[[ Data open ]]

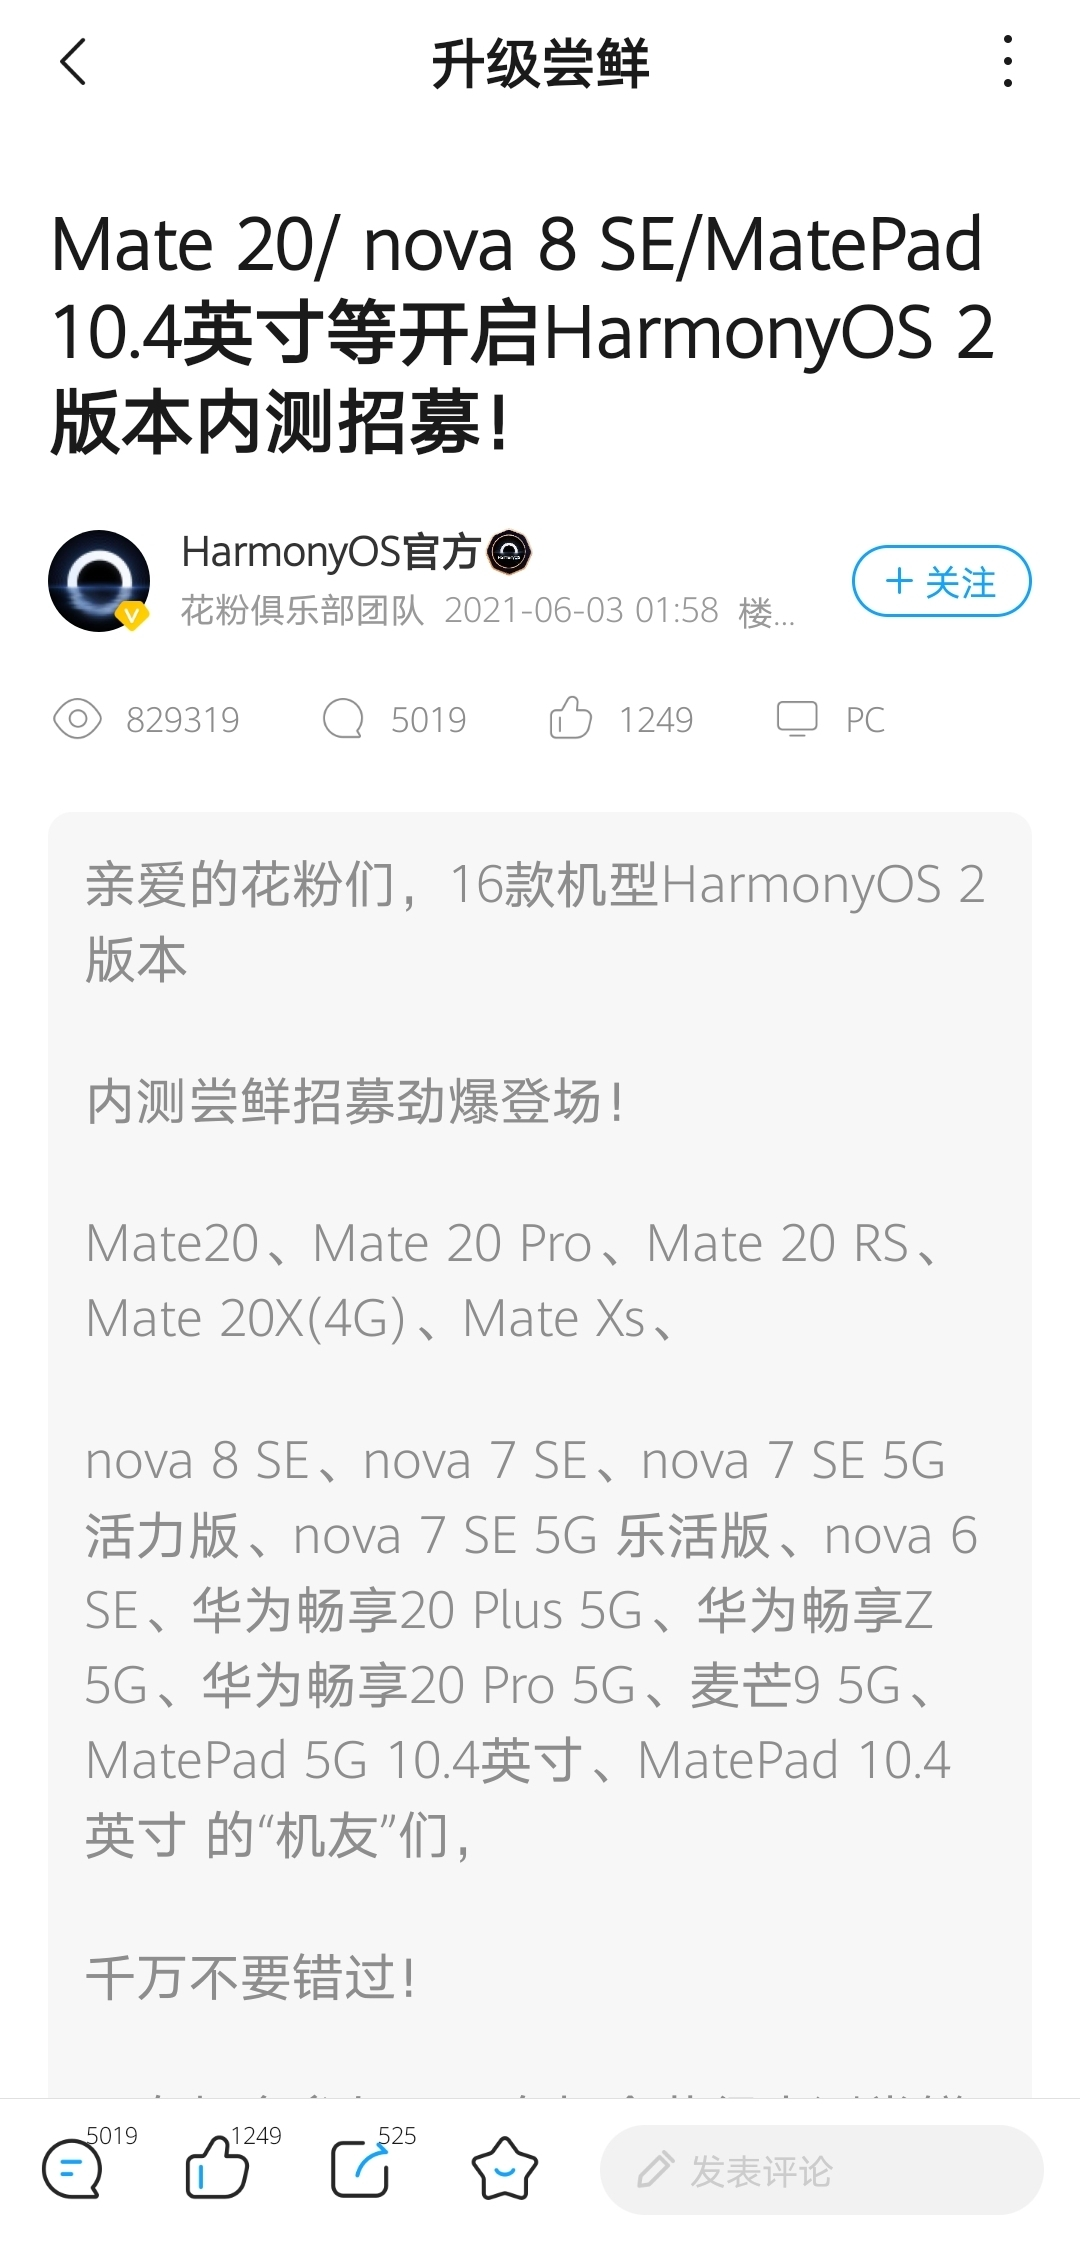 Screenshot_20210605_214009.jpg
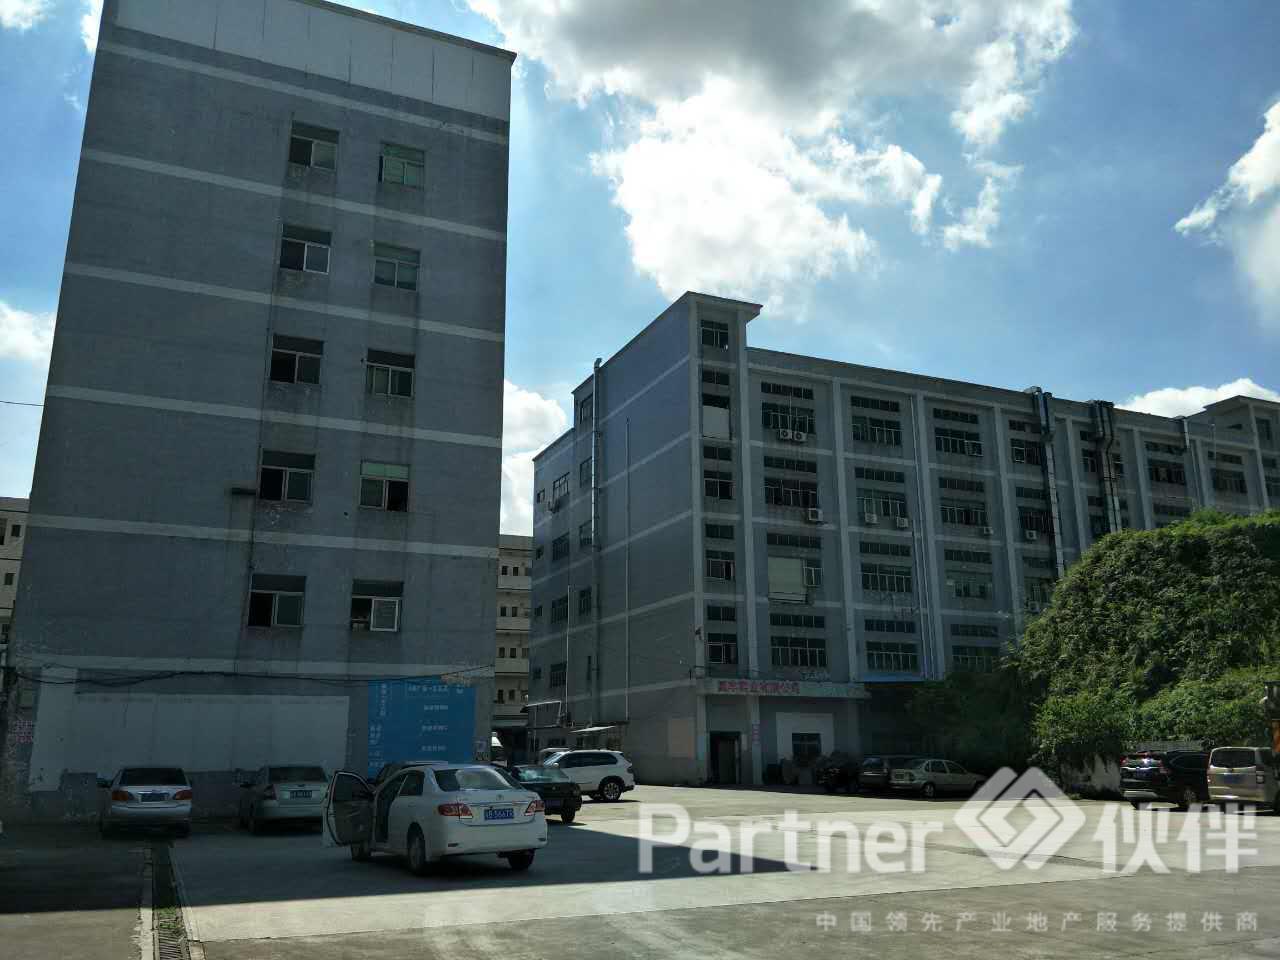 塘厦镇建筑 10380 ㎡村委合同厂房出售
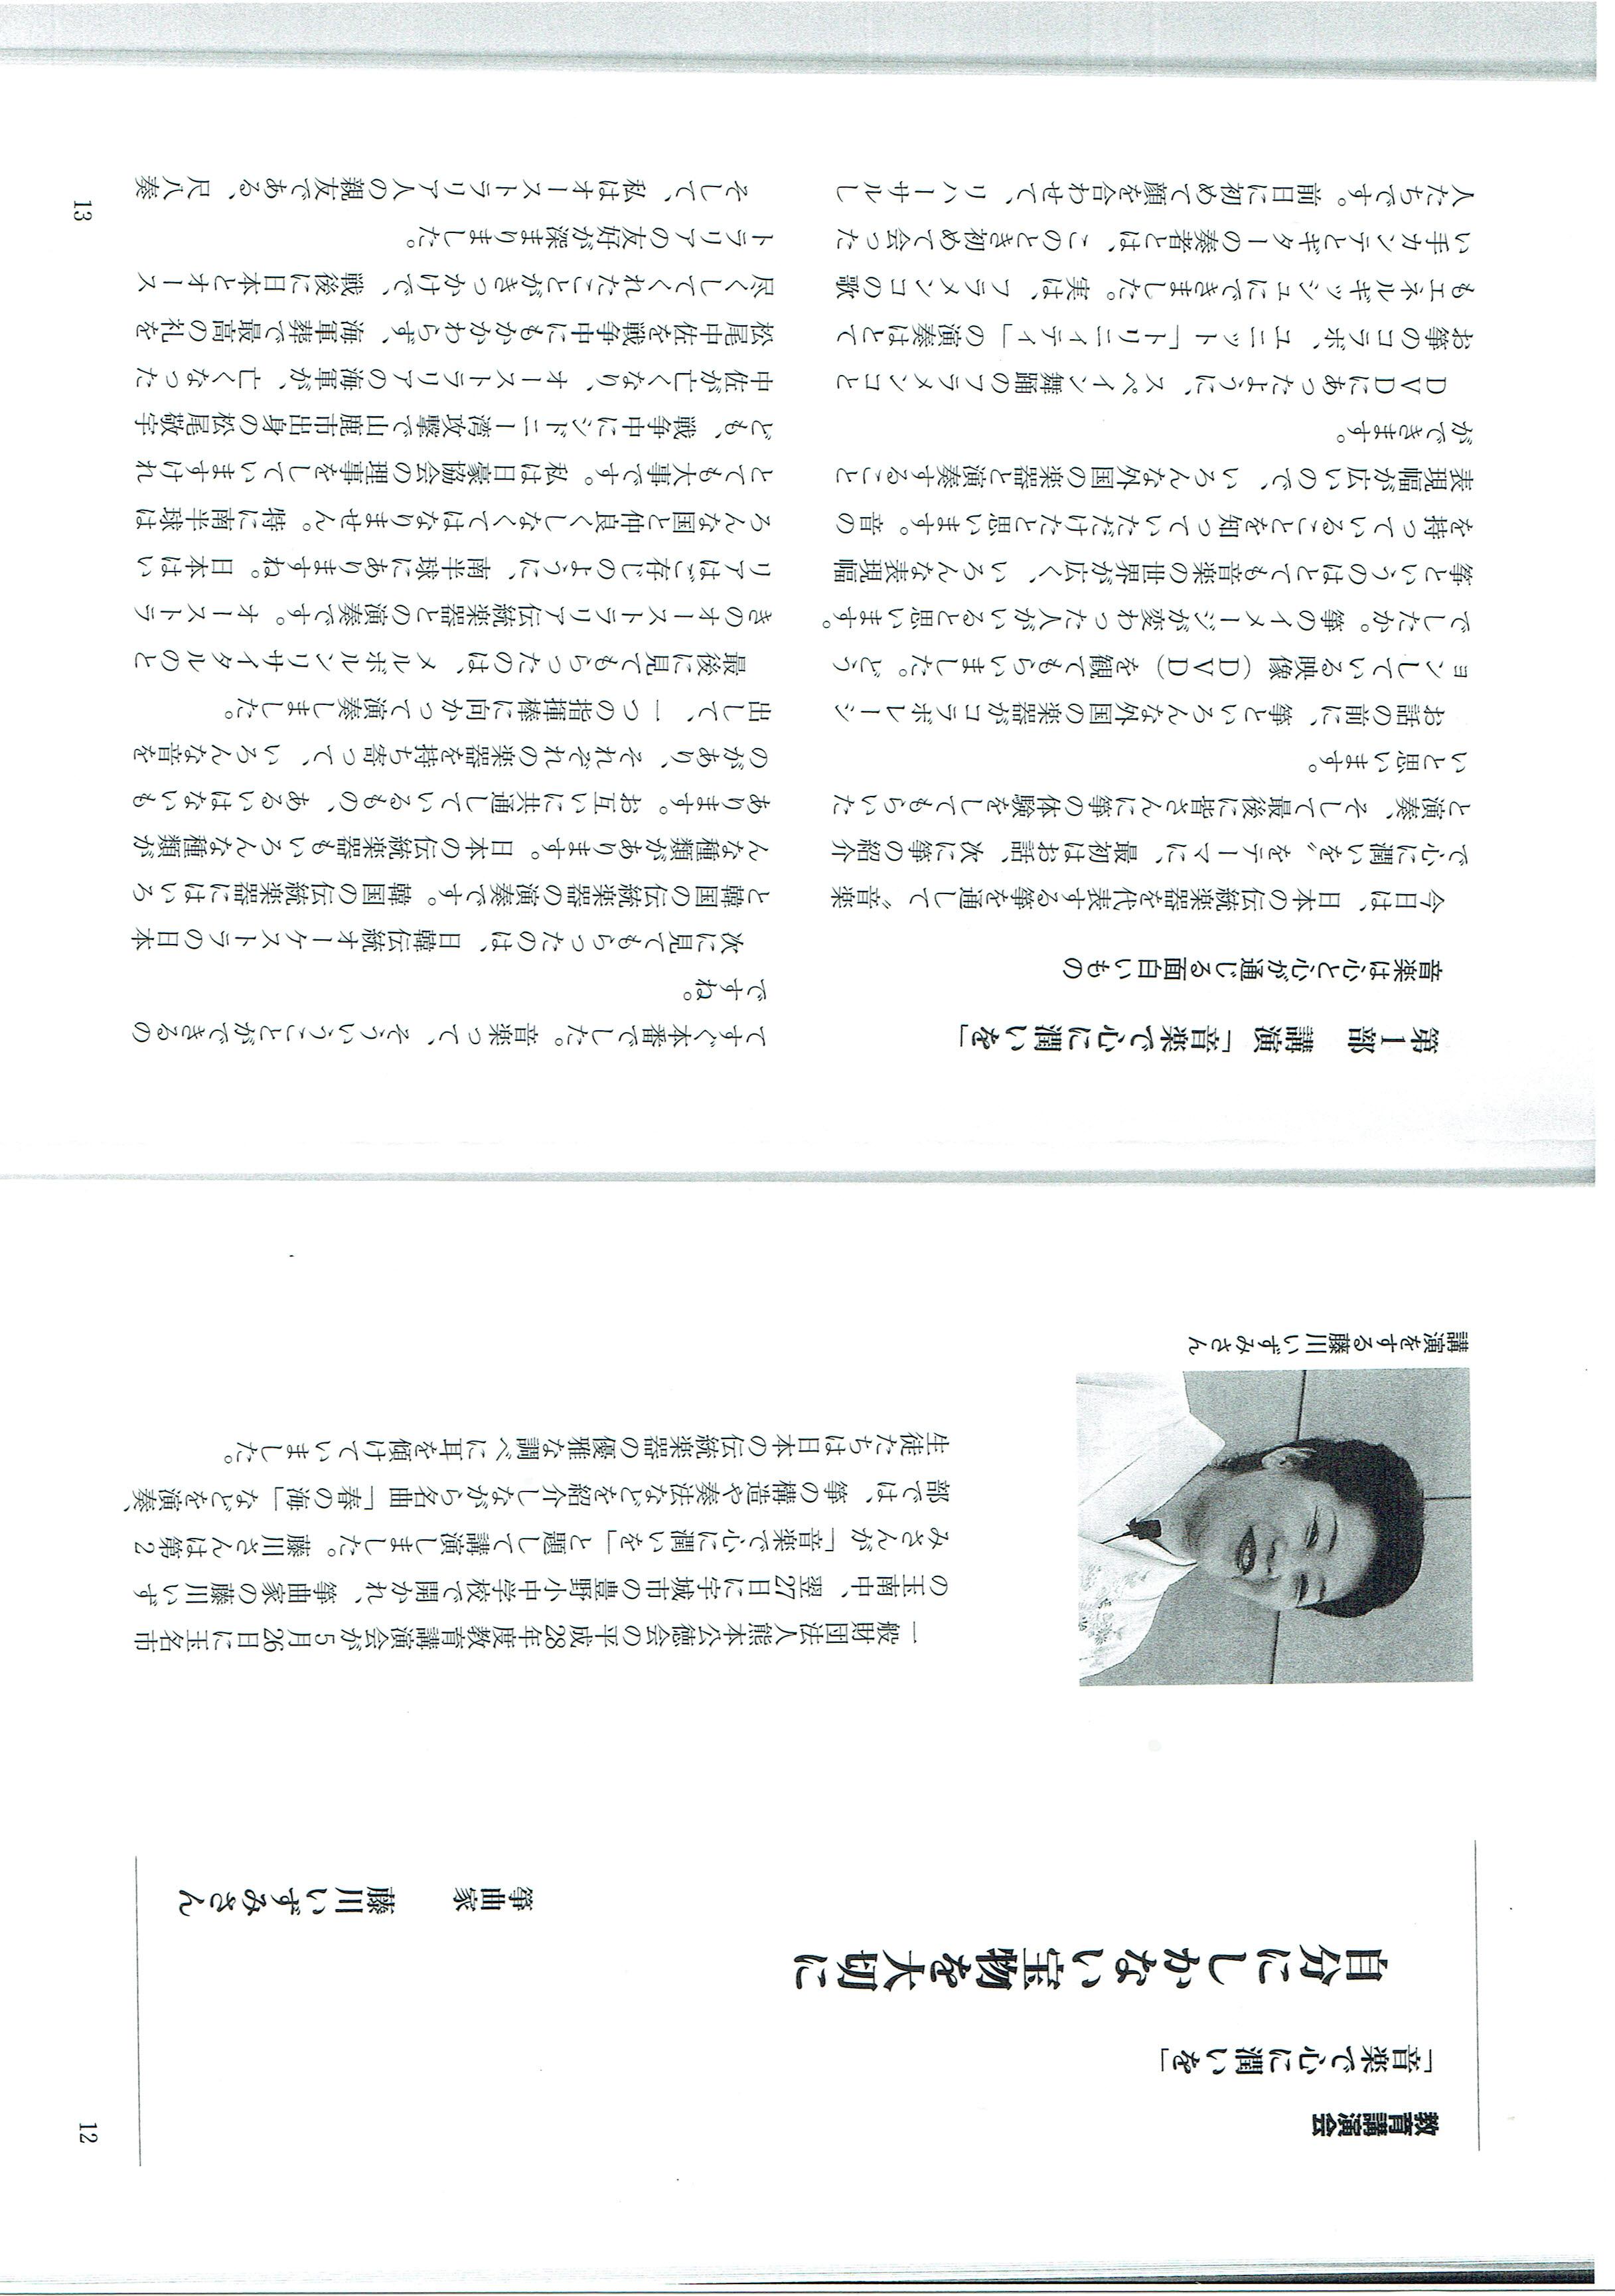 公徳20170103_0001

[[ Data closed ]]

[What you have to do] The data above should be set down again exactly, with the pictures omitted.

[Response box]
 Screenshot_20210605_214009.jpg
 塘厦镇建筑 10380 ㎡村委合同厂房出售
 公徳20170103_0001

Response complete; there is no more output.